Download Writing and Authority in Early China Book in PDF, Epub and Kindle

This book traces the evolving uses of writing to command assent and obedience in early China, an evolution that culminated in the establishment of a textual canon as the foundation of imperial authority. Its central theme is the emergence of this body of writings as the textual double of the state, and of the text-based sage as the double of the ruler. The book examines the full range of writings employed in early China, such as divinatory records, written communications with ancestors, government documents, the collective writings of philosophical and textual traditions, speeches attributed to historical figures, chronicles, verse anthologies, commentaries, and encyclopedic compendia. Lewis shows how these writings served to administer populations, control officials, form new social groups, invent new models of authority, and create an artificial language whose master generated power and whose graphs became potent objects.
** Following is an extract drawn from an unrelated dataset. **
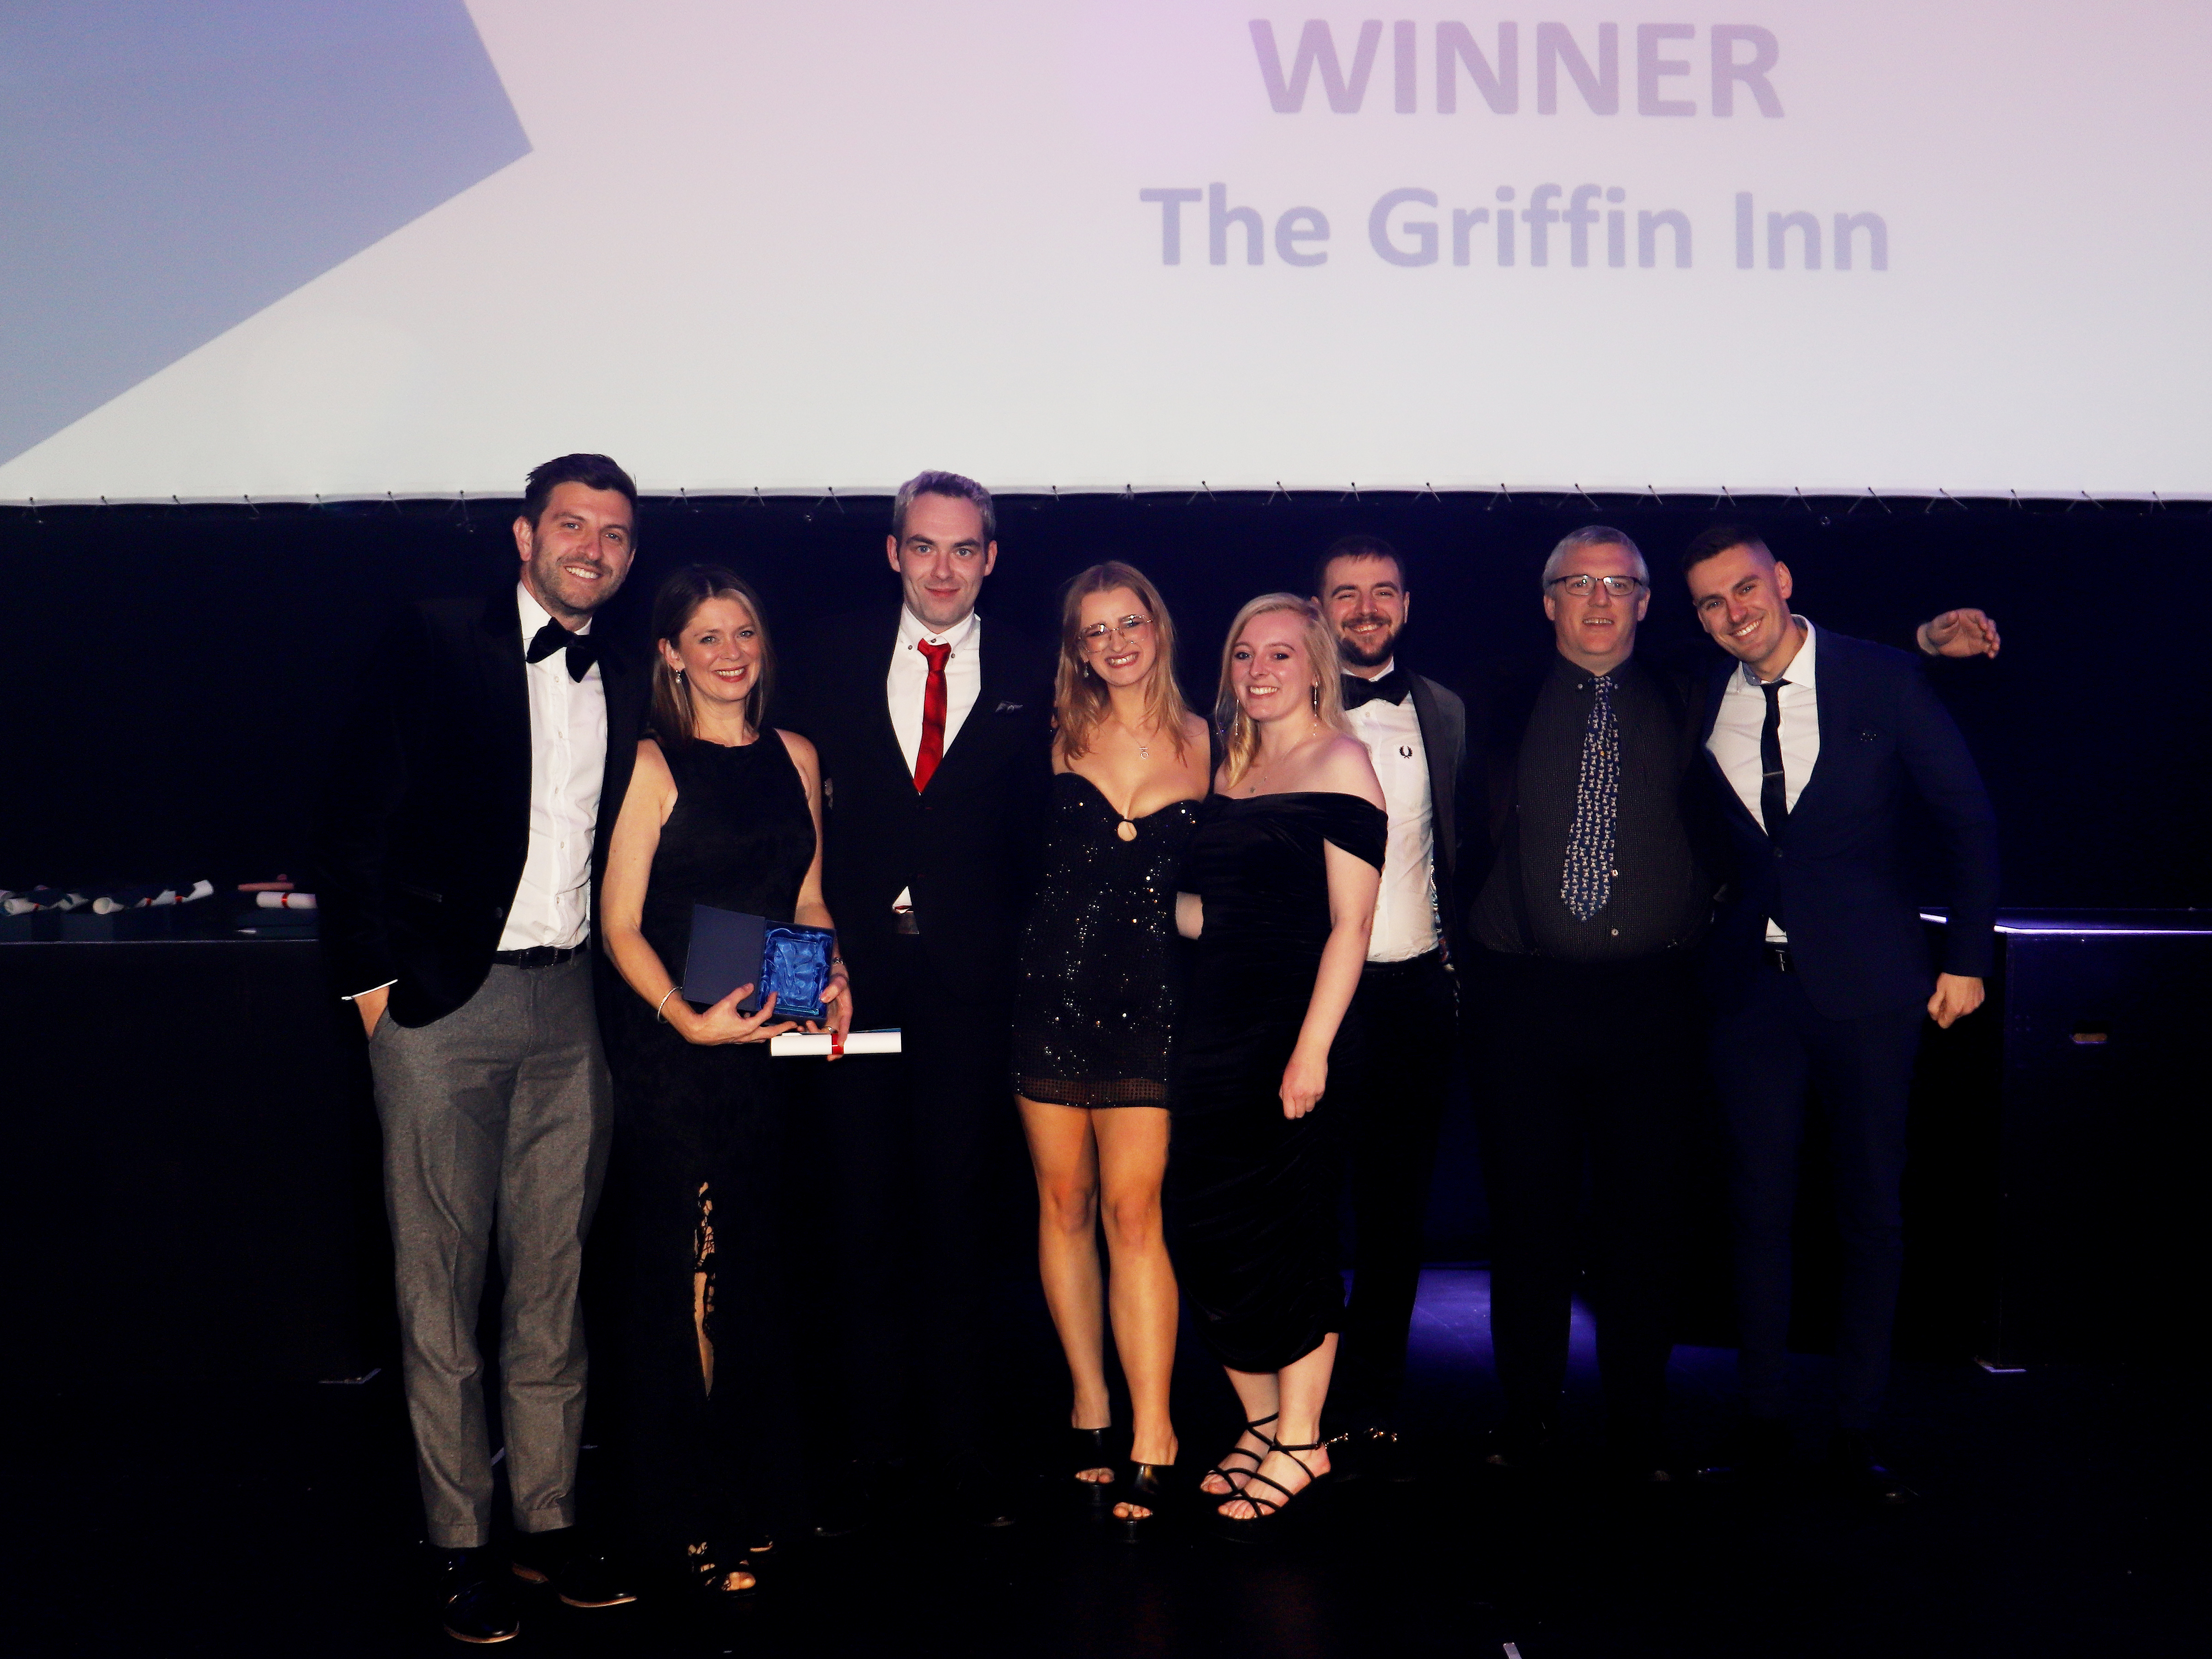 The Griffin Inn - WINNER - Best Pub

Text and Ritual in Early China

Text and Ritual in Early China
Title Text and Ritual in Early China PDF eBook
Author Martin Kern
Publisher University of Washington Press
Pages 362
Release 2011-07-01
Genre Social Science
ISBN 0295800313

Download Text and Ritual in Early China Book in PDF, Epub and Kindle

In Text and Ritual in Early China, leading scholars of ancient Chinese history, literature, religion, and archaeology consider the presence and use of texts in religious and political ritual. Through balanced attention to both the received literary tradition and the wide range of recently excavated artifacts, manuscripts, and inscriptions, their combined efforts reveal the rich and multilayered interplay of textual composition and ritual performance. Drawn across disciplinary boundaries, the resulting picture illuminates two of the defining features of early Chinese culture and advances new insights into their sumptuous complexity. Beginning with a substantial introduction to the conceptual and thematic issues explored in succeeding chapters, Text and Ritual in Early China is anchored by essays on early Chinese cultural history and ritual display (Michael Nylan) and the nature of its textuality (William G. Boltz). This twofold approach sets the stage for studies of the E Jun Qi metal tallies (Lothar von Falkenhausen), the Gongyang commentary to The Spring and Autumn Annals (Joachim Gentz), the early history of The Book of Odes (Martin Kern), moral remonstration in historiography (David Schaberg), the “Liming” manuscript text unearthed at Mawangdui (Mark Csikszentmihalyi), and Eastern Han commemorative stele inscriptions (K. E. Brashier). The scholarly originality of these essays rests firmly on their authors’ control over ancient sources, newly excavated materials, and modern scholarship across all major Sinological languages. The extensive bibliography is in itself a valuable and reliable reference resource. This important work will be required reading for scholars of Chinese history, language, literature, philosophy, religion, art history, and archaeology.

Early China

Early China
Title Early China PDF eBook
Author Li Feng
Publisher Cambridge University Press
Pages 369
Release 2013-12-30
Genre History
ISBN 0521895529

Download Early China Book in PDF, Epub and Kindle

A critical new interpretation of the early history of Chinese civilization based on the most recent scholarship and archaeological discoveries.